Your old copies of Lab News may still have some unexpected uses in the lab…
Researchers have successfully grown carbon nanotubes in the lab on stacks of old newspapers.
The unusual method, outlined by Swansea University and Rice University researchers in MDPI Journal C, could cut costs of preparing surfaces for mass manufacture of carbon nanotubes.
Lead researcher Bruce Brinson said: "Newspapers have the benefit of being used in a roll-to-roll process in a stacked form making it an ideal candidate as a low-cost stackable 2D surface to grow carbon nanotubes."
The research team used raw carbon soot on kaolin sized paper. After chemical vapour deposition, the soot was found to consist primarily of carbon nanotubes and bi-layer graphene in the form of collapsed nanotubes.
Only newspapers produced with sizing made from kaolin resulted in CNT growth, the researchers found.

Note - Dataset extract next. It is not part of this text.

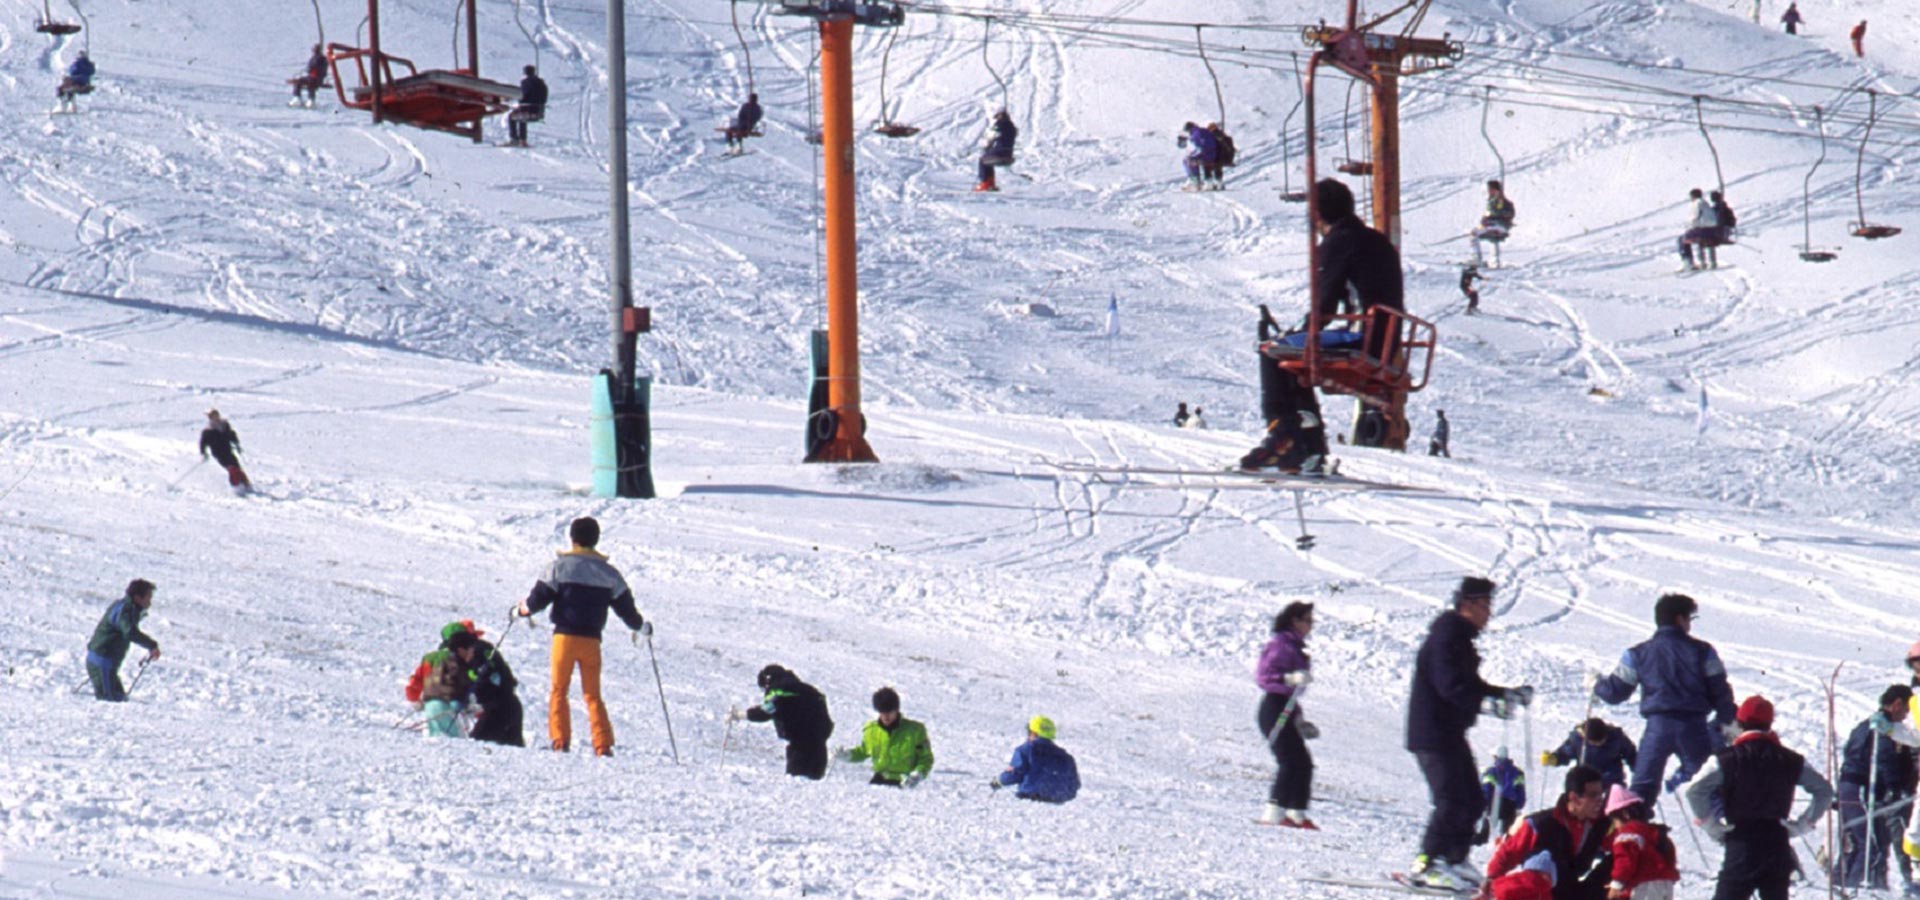 广岛县 县北的滑雪场

Carbon nanotubes, or CNTs, are cylindrical molecules that consist of rolled-up sheets of single-layer carbon atoms, or graphene. CNTs have applications in flexible electronics, water filtration, antennas for 5G networks and energy storage.
Co-author Varun Shenoy Gangoli said: "Many substances including talc, calcium carbonate and titanium dioxide can be used in sizing in papers which act as a filler to help with their levels of absorption and wear.
“However it was our observation that kaolin sizing, and not calcium carbonate sizing, showed us how the growth catalyst, which in our case was iron, is affected by the chemical nature of the substrate."
While we await a response from our printers regarding the suitability of Lab News in CNT experiments, Professor Andrew R. Barron at the University of Swansea told us that some glossy magazines might also work.
"Because it is glossy magazine it is actually kaolin coated so it should work as a substrate," he said. "Non-glossy paper has sizing that is sometimes kaolin but it is difficult to know without knowing the source of the paper."